An investment arm of global private equity firm Warburg Pincus Llc. plans to sell a portion of its equity stake in DB Corp. Ltd, which owns India’s second largest Hindi daily Dainik Bhaskar, less than two years after it first invested in the company.
Cliffrose Investment Ltd, the Mauritius-registered affiliate of Warburg Pincus, is planning to sell only to a so-called third party, or one not associated with the promoters of DB Corp., before the company goes for a proposed sale of shares to the public. Cliffrose, which currently holds a 7.14% stake in DB Corp., has said this in a letter to the company.
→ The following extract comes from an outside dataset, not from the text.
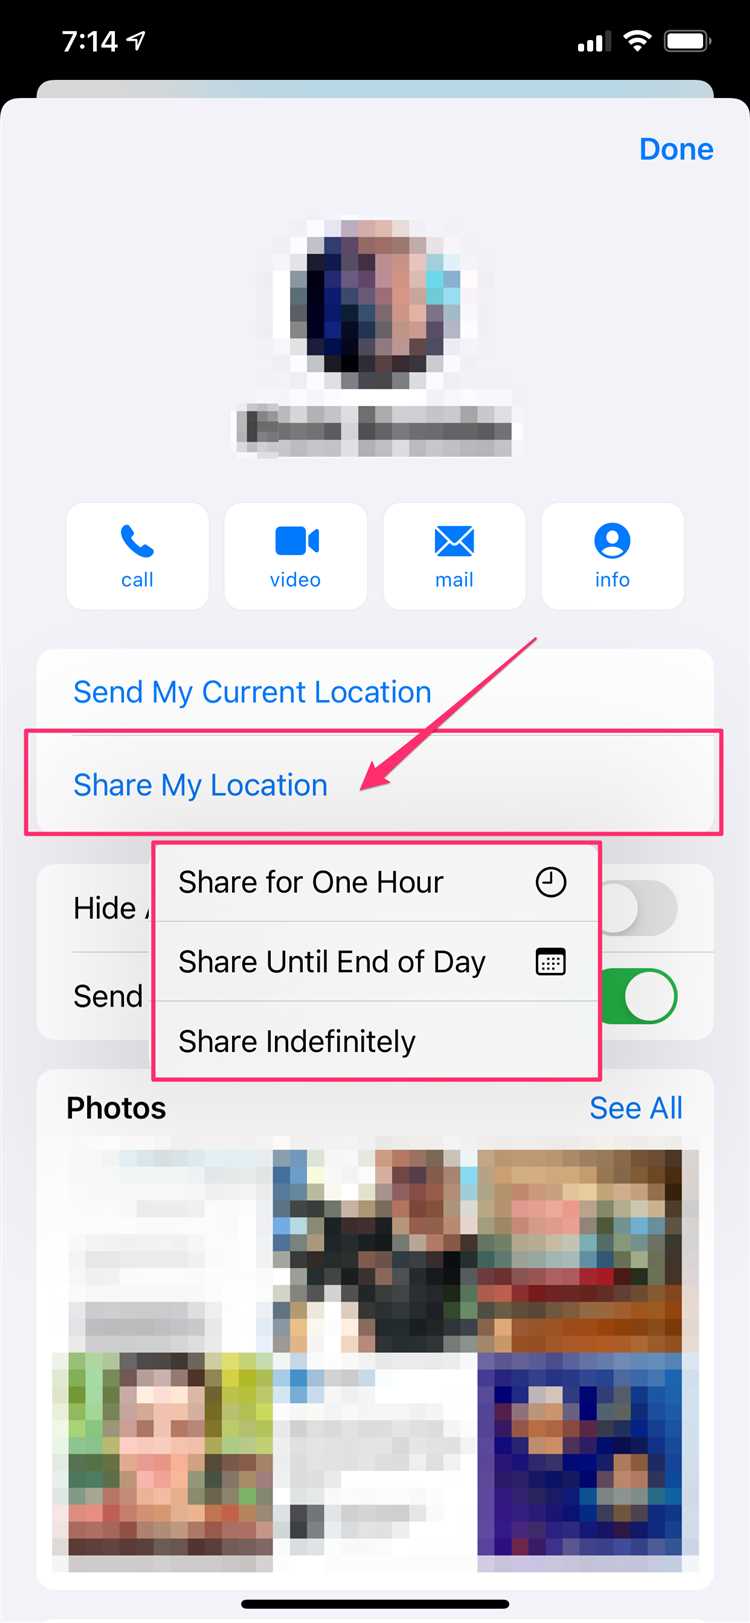 How do I send my exact location on iPhone?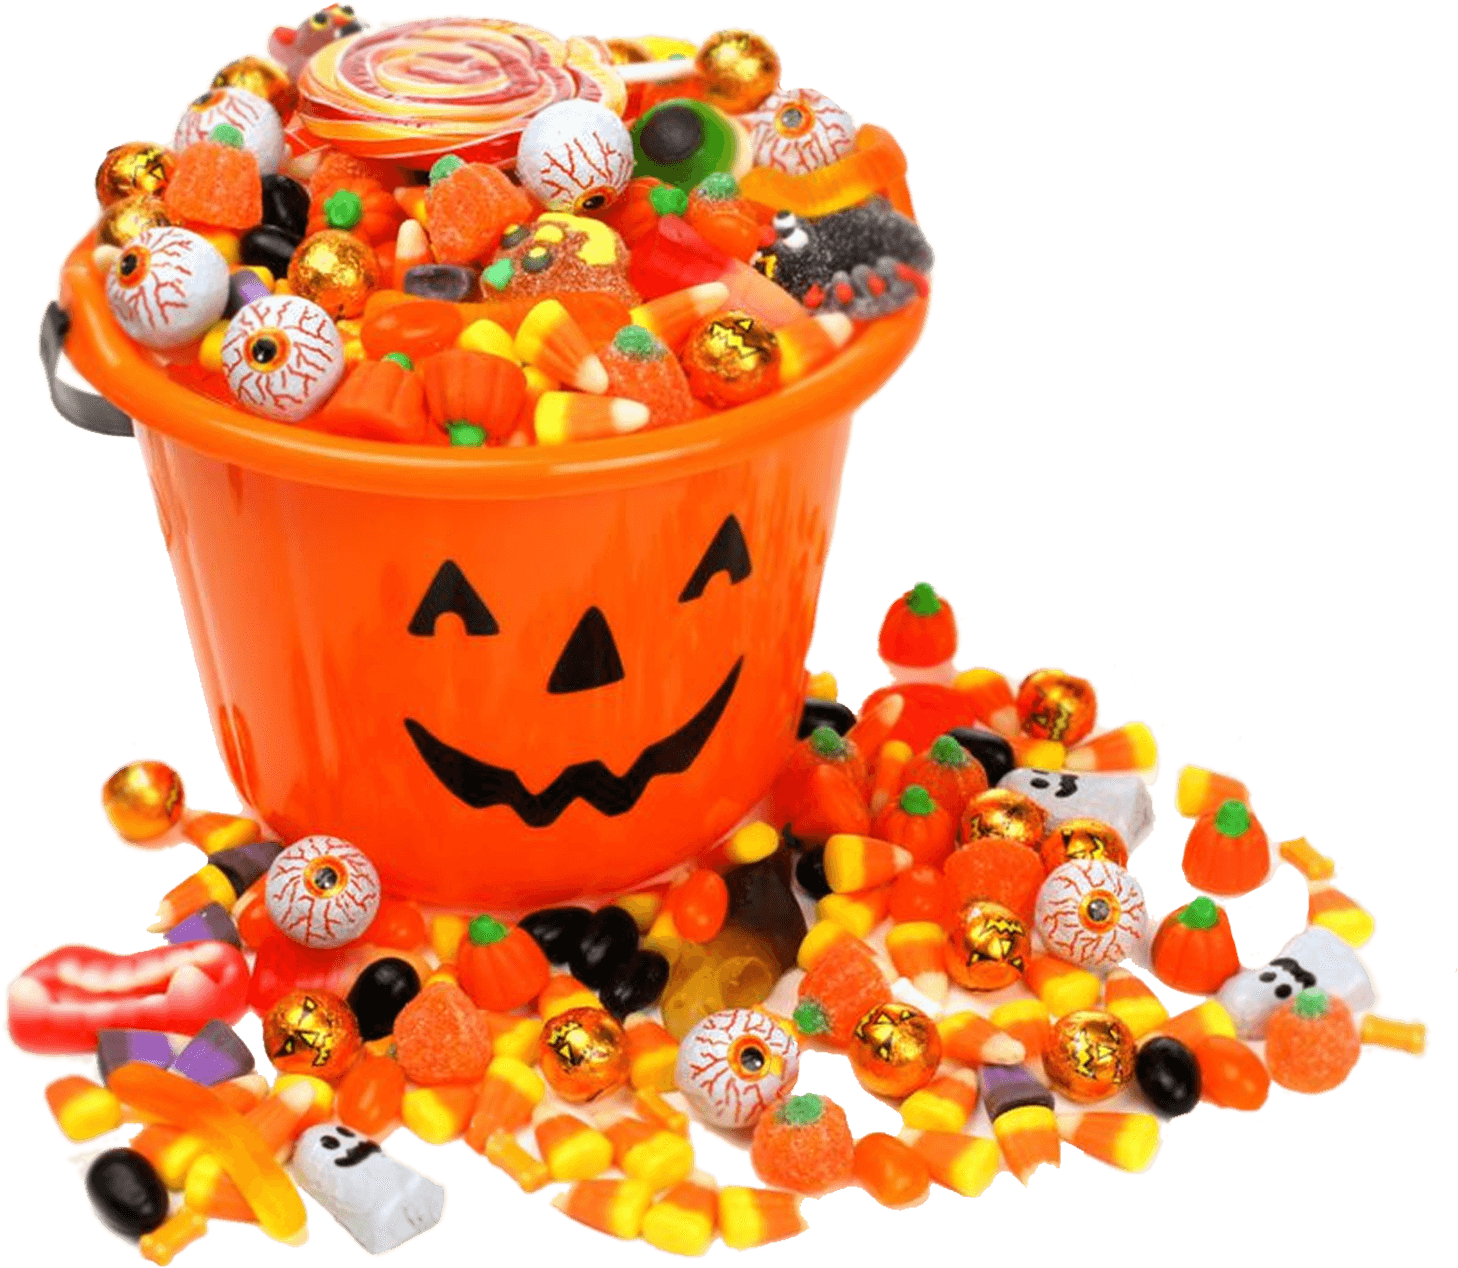 Halloween Candy gratis PNG HQ immagine

This information is present in the filing DB Corp. has made to India’s stock market regulator Securities and Exchange Board of India, or Sebi, in the run-up to an initial public offering (IPO) of shares.
It’s not unusual for private equity firms to cash out of investments ahead of a share sale or even after it, either to make good on their gains, or hedge their bets should the market turn weak.
“Such a move does raise the question of why an existing investor wants to sell out if the future of the company is bright. However, I don’t think it’ll have much of an impact. At the end of the day, it all boils down to the price band, or at what valuation the IPO is being offered. If the firm’s fundamentals are strong, just because a foreign investor sold a bit of their stake, the IPO is not going to be adversely impacted,” said Hitesh Agrawal, head of research, Angel Broking Ltd.
Cliffrose had originally invested in Writers and Publishers Ltd (WPL) in May 2006, subscribing to 76,305 equity shares. The printing and publishing business was subsequently demerged from this and consolidated under one entity, DB Corp., and Cliffrose ended up with a 7.14% stake in DB Corp. Media reports at the time had valued this deal at Rs150 crore. The timing and price of the planned IPO of DB Corp. are yet to be worked out. Companies usually do this only after receiving a clearance from Sebi.
“We stand by whatever we have said in the DRHP (draft red herring prospectus). We have no further comments to offer,” said K. Venkatraman, company secretary and chief compliance officer of DB Corp.
A spokesperson for Warburg Pincus said, “The firm is bound by internal operational policies which does not allow discussion of its investment activities in its portfolio companies.”
Warburg has previously exited investments in Bharti Airtel Ltd and Gujarat Amuja Cements Ltd profitably.
DB Corp. plans to sell 18.8 million equity shares, or 10.2% equity, of the post-issue equity of the company.
It is raising the money to set up 11 new publishing units, each with a capacity to print 50,000 newspapers per hour. A part of the money would also be spent in upgrading the existing facilities and repaying loans.
The Indian print media industry, despite competition from television and other media, is projected to nearly double revenues from Rs12,800 crore to Rs23,200 crore by 2011, according to a report by audit and consulting firm PricewaterhouseCoopers.
Hindi newspapers accounted for roughly one-fourth of these revenues in calendar year 2006, according to another report by TAM Adex.
In another deal agreed to in December 2007, Cliffrose is picking up a 3.2% stake in Synergy Media Entertainment Ltd (SMEL), which is a subsidiary of DB Corp. and is engaged in the FM radio business. According to the terms of this deal, SMEL will allot 1.33 million shares to Warburg at a price solely determined by Cliffrose, but not below Rs11.50 per share.
Mint is published by HT Media Ltd, which also publishes Hindi newspaper Hindustan. Hindustan competes with Dainik Bhaskar in certain markets.